Each time one of our cells divides, there’s a good chance of a mutation occurring. Because the human genome is a dauntingly complex three billion letters long, and we’re made up of 37.2 trillion cells, scientists estimate we produce trillions of mutations every day. While most of these are benign, some aren’t, and cancer is one life-threatening result.
It makes sense that the more cells an organism has, the greater the likelihood cancer-causing mutations will arise — except that it doesn’t seem to be so. Gigantic elephants, for example, rarely get cancer — less than 5% of them as opposed to 11-25% of humans. The non-correlation between body size and cancer is called “Peto’s paradox,” and scientists want to understand it. After all, “Animals with 1,000 times more cells than humans do not exhibit an increased cancer risk, suggesting that natural mechanisms can suppress cancer 1,000 times more effectively than is done in human cells.”
A new study may have learned the pachyderm’s secret: It’s an unusual, re-born gene they possess. A zombie gene, if you will.
Elephants TP53 gene
In 2015, a University of Chicago study led by geneticist Vincent Lynch discovered that elephants have an unusually large supply of tumor suppressor TP53 genes. We have one of these; elephants have 20. (Most mammals have two.) A second study done at the University of Utah found the same thing. The U of C study explains this abundance by saying it occurs “coincident with the evolution of large body sizes, the evolution of extreme sensitivity to genotoxic stress, and a hyperactive TP53 signaling pathway in the elephant (Proboscidean) lineage.”
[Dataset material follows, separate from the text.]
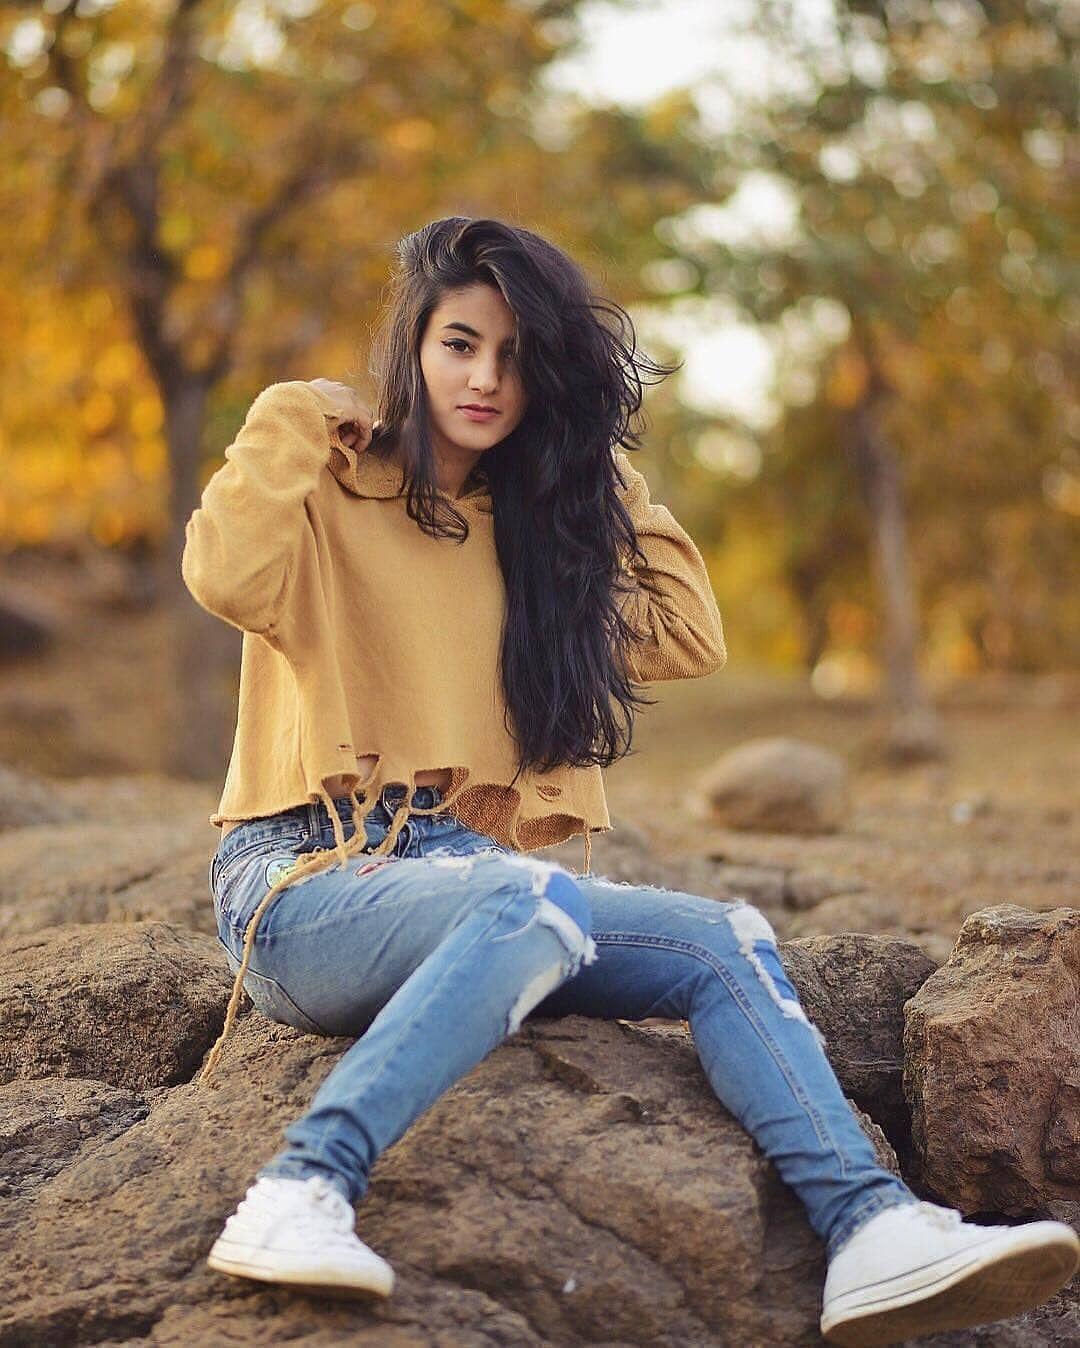 Photo De Profil Swag Girl 2019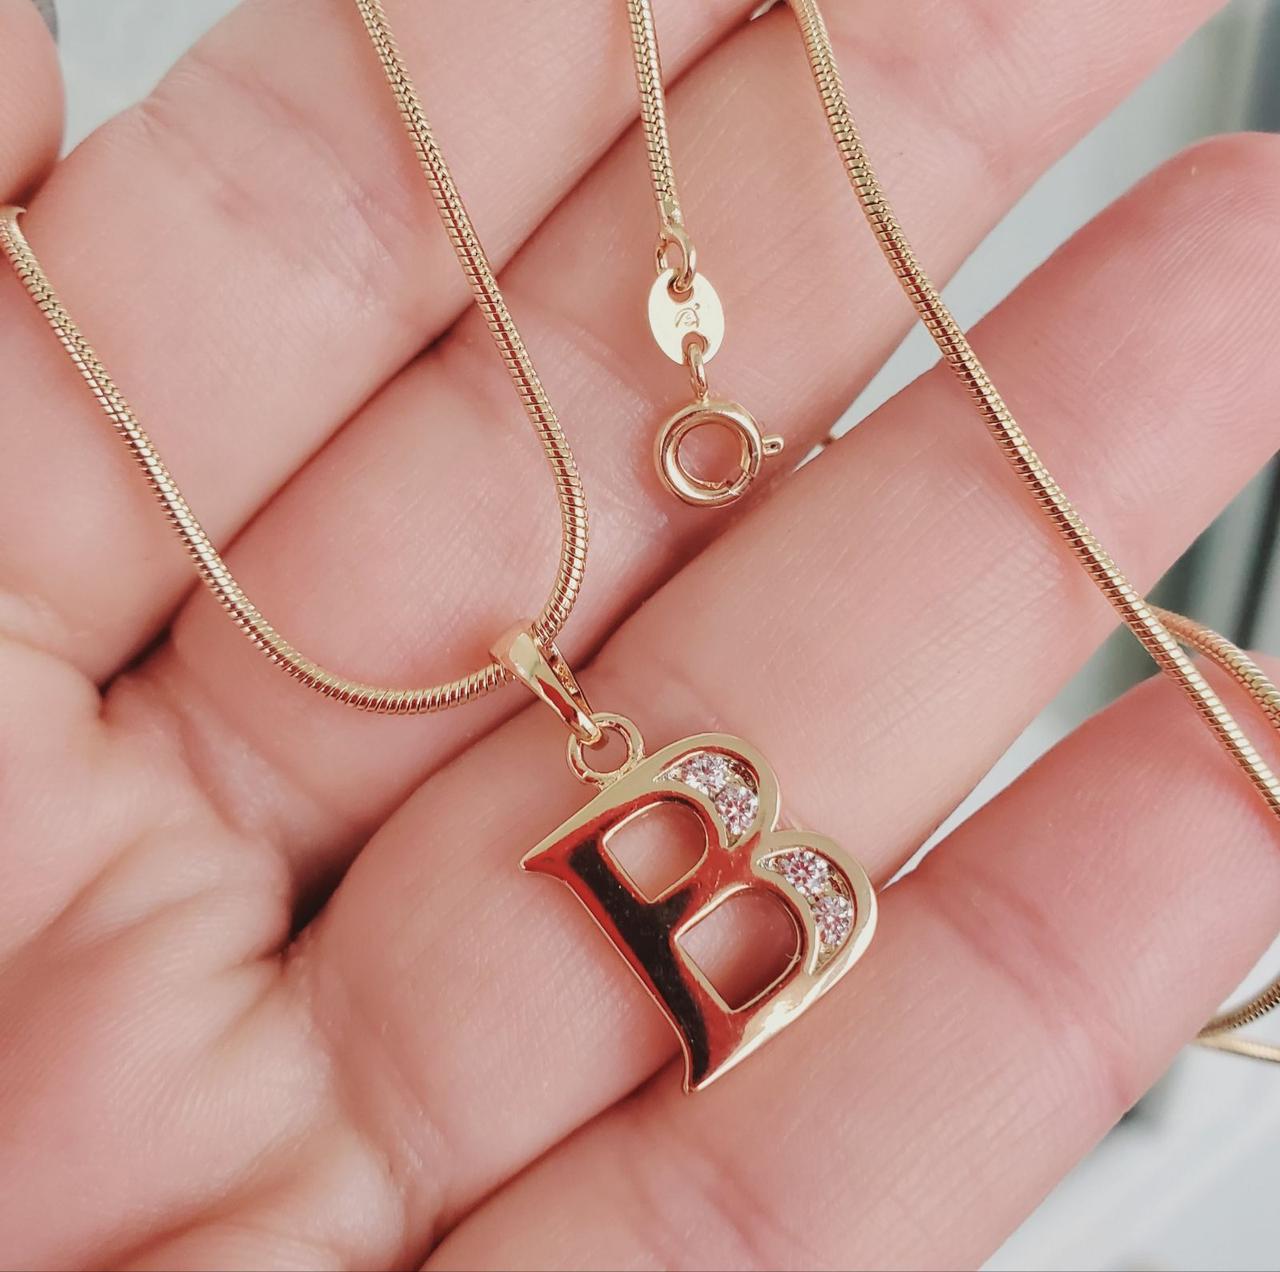 Кулон буква В с цепочкой снейк 1мм 50см xuping медицинское золото позолота 18К  5282

TP53 can be found in cell nuclei, bound directly to DNA. Should that DNA become damaged, TP53 triggers chemicals that can address the problem, or if the damage is too severe, prevents it from duplicating it and instructs it to enter apoptosis, its death process.
With so many of these sentinel genes, elephants have an unusually vigilant early-warning system for cancer and an exceptionally low tolerance for dangerous cells. Lynch’s team verified this by introducing DNA-damaging carcinogens to tissue samples from elephants, manatees (cousins to elephants), and hyraxes. “The elephant cells just died; they were entirely intolerant of DNA damage in a way their relatives’ cells were not,” Lynch tells CIMEX. “Because the elephant cells died as soon as their DNA was damaged, there was no risk of them ever becoming cancerous.”
LIF6, the zombie cell, arises
Lynch’s team continued to work through the mechanics of the elephants’ defense system. In looking at damaged cells, “We found that elephants and their relatives have many non-functioning copies of the LIF gene,” says Lynch. (The “dead” LIF genes lack a requisite DNA on/off switch.) His team was familiar with LIF since it plays a role in pregnancy, and because one of its proteins aids in tumor suppression.
It’s not uncommon for organisms to have lots of dead genes, but “elephants themselves evolved a way to turn one of these copies, LIF6, back on.” Experiments proved the importance of this “upregulation.” When the geneticists exposed to carcinogens some elephant cells from which the zombie gene had been removed, the cells tolerated the damage and eventually became cancerous, just like non-elephant cells. Meanwhile, when they overexpressed LIF6 in other animals, exposed cells immediately self-destructed, just like elephants’ cells normally do.
It appears that TP532 and LIF6 work together as a cancer-sensing and -killing tag team. Says Lynch, “First some stress is introduced, like cancer-inducing DNA damage, that turns on the tumor-suppressor p53. This, in turn, activates the gene LIF6 that can then go to the mitochondria, cause its insides to leak out, and trigger apoptosis, or cell death.”
Peto paradox answered
It seems the truth implied by Peto’s paradox is that when many-celled organisms face an increased threat such as cancerous mutations, natural selection may lead them to develop extraordinary defense mechanisms. Elephants certainly have risen to the challenge.